Curious if you tried this on an EC2 instance in AWS? The IOPS for EBS volume are notoriously low, and possibly why a lot of self-hosted DB instances feel very slow vs similarly priced AWS services. Personal anecdote, but moving to a a dedicated server from EC2 increased the max throughput by a factor of 80 for us.

trashtester · on March 16, 2021

Did you try to compare that to EC2 instances with ephemeral nvme drives? I'm seeing hdfs throughput of up to several GB/node using such instances.

karmakaze · on March 16, 2021

You can use locally attached SSD instances. Then you're responsible for its reliability so not getting all the 'cloud' benefits. Used them for provisioning own CI cluster with raid-0 btrfs running PostgreSQL. Only backed up the provisioning and CI scripts.

ramraj07 · on March 16, 2021

Got burned there for sure! Speed is one thing but the cost is outrageous for io heavy apps! Anyways I moved to lightsail which doesn’t have io costs paradoxically so while io is slow at least the cost is predictable!

im3w1l · on March 16, 2021

A couple of 64gb ram sticks and you can fit your data in ram.

movedx · on March 16, 2021

It's all about the right tool for the job('s scale.)
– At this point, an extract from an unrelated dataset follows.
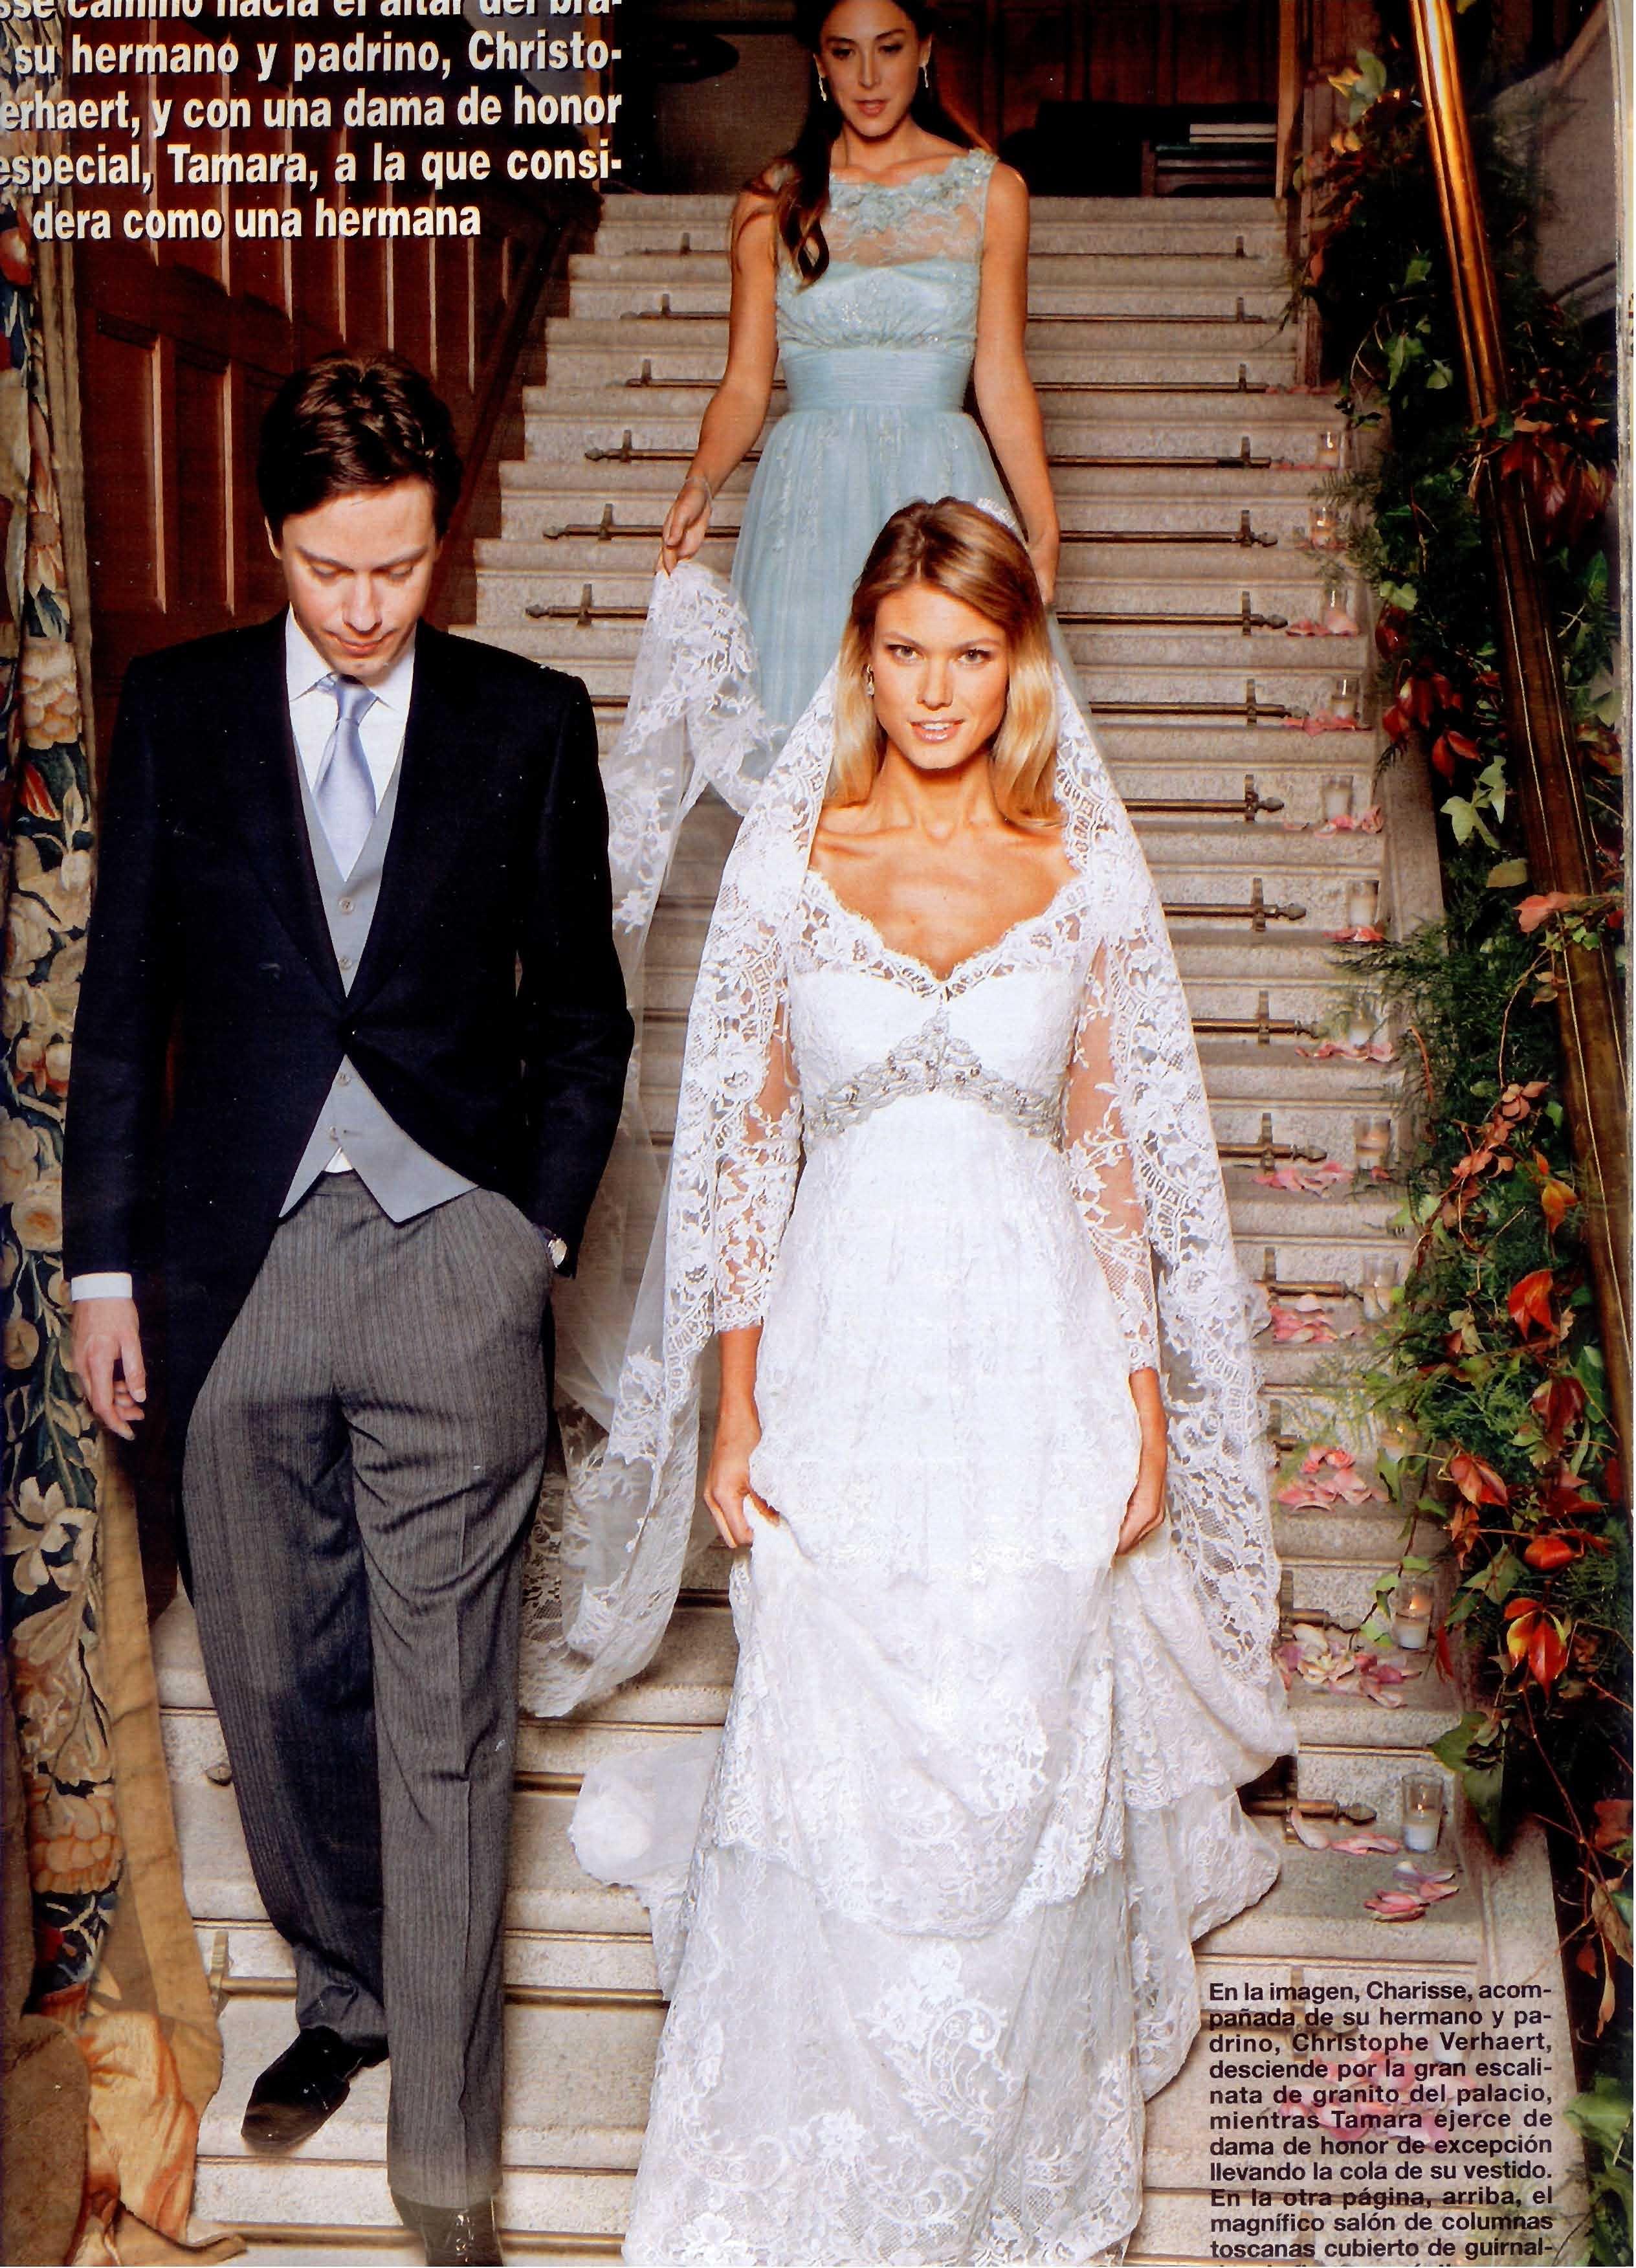 Charisse, acompañada de su hermano y padrino, Christophe Verhaert mientras Tamara Falcó ejerce de Dama de Honor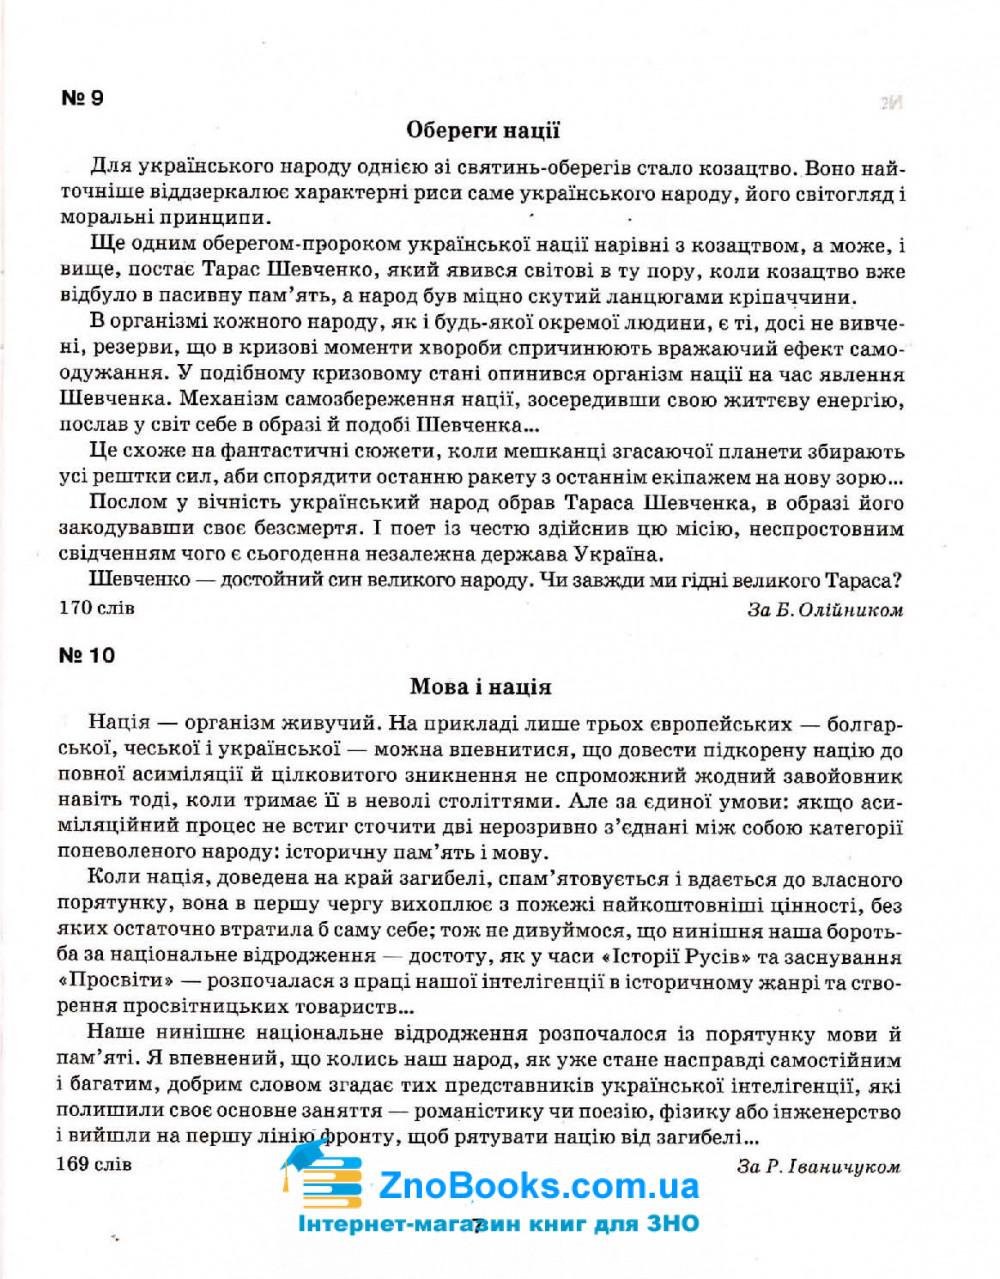 ДПА 2020 Українська мова (Єременко) 9 клас. Збірник диктантів для ДПА. Освіта купити 8

StreamBright · on March 16, 2021

You can skip Hadoop and go from SQLite to something like S3 + Presto that scales to extremely high volumes with low latency and better than linear financial scaling.

bartimus · on March 16, 2021

Does hundreds of gigs introduce a general performance hit or could it still be further optimized using some smart indexing strategy?

z3t4 · on March 16, 2021

Everything is fast if it fits in memory and caches.

yarcob · on March 16, 2021

Unless it's accidentally quadratic. Then all the RAM in the world isn't going to help you.

Silhouette · on March 16, 2021

And in 2021, almost everything* does.

*Obviously not really. But very very many things do, even doing useful jobs in production, as long as you have high enough specs.